De Clercq E
Rega Institute for Medical Research, Katholieke Universiteit Leuven, Belgium.
Adv Virus Res. 1993;42:1-55. doi: 10.1016/s0065-3527(08)60082-2.
The target protein (enzyme) with which antiviral agents interact determines their antiviral activity spectrum. Based on their activity spectrum, antiviral compounds could be divided into the following classes: (1) sulfated polysaccharides (i.e., dextran sulfate), which interact with the viral envelope glycoproteins and are inhibitory to a broad variety of enveloped viruses (i.e., retro-, herpes-, rhabdo-, and arenaviruses): (2) SAH hydrolase inhibitors (i.e., neplanocin A derivatives), which are particularly effective against poxvirus, (-)RNA viruses (paramyxovirus, rhabdovirus), and (+/-)RNA virus (reovirus); (3) OMP decarboxylase inhibitors (i.e., pyrazofurin) and CTP synthetase inhibitors (i.e., cyclopentenylcytosine), which are active against a broad range of DNA, (+)RNA, (-)RNA, and (+/-)RNA viruses; (4) IMP dehydrogenase inhibitors (i.e., ribavirin), which are also active against various (+)RNA and (-)RNA viruses and, in particular, ortho- and paramyxoviruses; (5) acyclic guanosine analogs (i.e., ganciclovir) and carbocyclic guanosine analogs (i.e., cyclobut-G), which are particularly active against herpesviruses (i.e., HSV-1, HSV-2, VZV, CMV); (6) thymidine analogs (i.e., BVDU, BVaraU), which are specifically active against HSV-1 and VZV because of their preferential phosphorylation by the virus-encoded thymidine kinase; (7) acyclic nucleoside phosphonates (i.e., HPMPA, HPMPC, PMEA, FPMPA), which, depending on the structure of the acyclic side chain, span an activity spectrum from DNA viruses (papova-, adeno-, herpes-, hepadna-, and poxvirus) to retroviruses (HIV); (8) dideoxynucleoside analogs (i.e., AZT, DDC), which act as chain terminators in the reverse transcriptase reaction and thus block the replication of retroviruses as well as hepadnaviruses; and (9) the TIBO, HEPT, and other TIBO-like compounds, which interact specifically with the reverse transcriptase of HIV-1 and thus block the replication of HIV-1, but not of HIV-2 or any other retrovirus.

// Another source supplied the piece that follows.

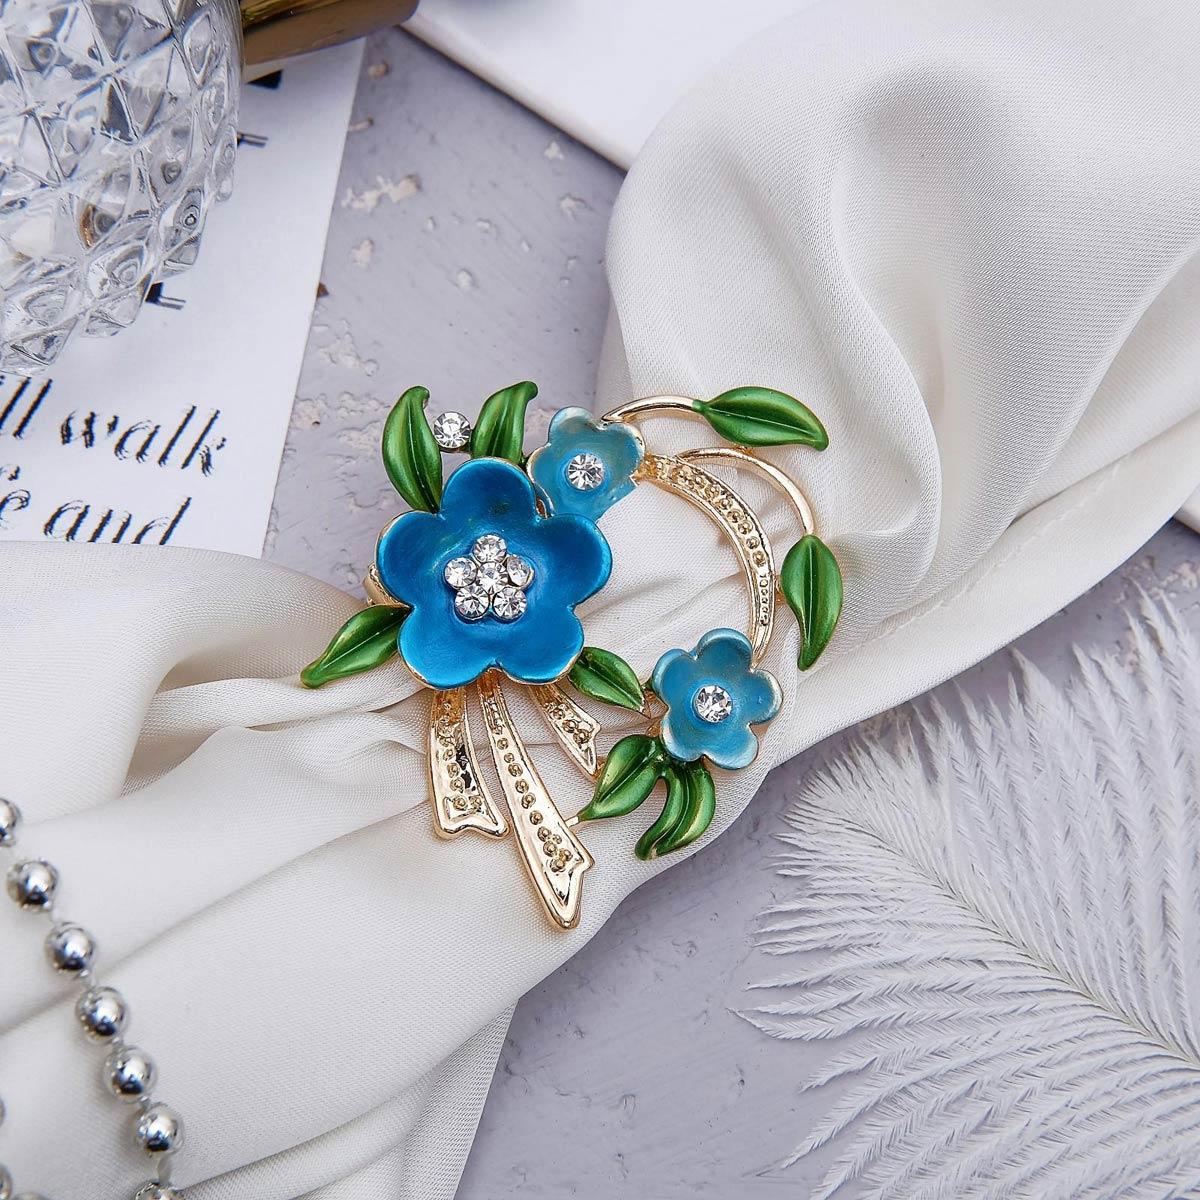 1353806 Зажим для платка 'Цветы' трио, цвет зелёно-голубой в золоте

抗病毒药物所作用的靶蛋白(酶)决定了其抗病毒活性谱。根据其活性谱,抗病毒化合物可分为以下几类:(1)硫酸化多糖(即硫酸葡聚糖),它与病毒包膜糖蛋白相互作用,对多种包膜病毒(即逆转录病毒、疱疹病毒、弹状病毒和沙粒病毒)具有抑制作用;(2)SAH水解酶抑制剂(即奈拉滨衍生物),对痘病毒、(-)RNA病毒(副粘病毒、弹状病毒)和(+/-)RNA病毒(呼肠孤病毒)特别有效;(3)OMP脱羧酶抑制剂(即吡唑呋喃)和CTP合成酶抑制剂(即环戊烯基胞嘧啶),对多种DNA、(+)RNA、(-)RNA和(+/-)RNA病毒有活性;(4)IMP脱氢酶抑制剂(即利巴韦林),对各种(+)RNA和(-)RNA病毒也有活性,尤其对正粘病毒和副粘病毒;(5)无环鸟苷类似物(即更昔洛韦)和碳环鸟苷类似物(即环丁-G),对疱疹病毒(即HSV-1、HSV-2、VZV、CMV)特别有活性;(6)胸苷类似物(即BVDU、BVaraU),由于它们优先被病毒编码的胸苷激酶磷酸化,所以对HSV-1和VZV具有特异性活性;(7)无环核苷膦酸酯(即HPMPA、HPMPC、PMEA、FPMPA),根据无环侧链的结构,其活性谱涵盖从DNA病毒(乳头瘤病毒、腺病毒、疱疹病毒、嗜肝DNA病毒和痘病毒)到逆转录病毒(HIV);(8)双脱氧核苷类似物(即AZT、DDC),在逆转录酶反应中作为链终止剂,从而阻断逆转录病毒以及嗜肝DNA病毒的复制;(9)TIBO、HEPT和其他类似TIBO的化合物,它们与HIV-1的逆转录酶特异性相互作用,从而阻断HIV-1的复制,但不阻断HIV-2或任何其他逆转录病毒的复制。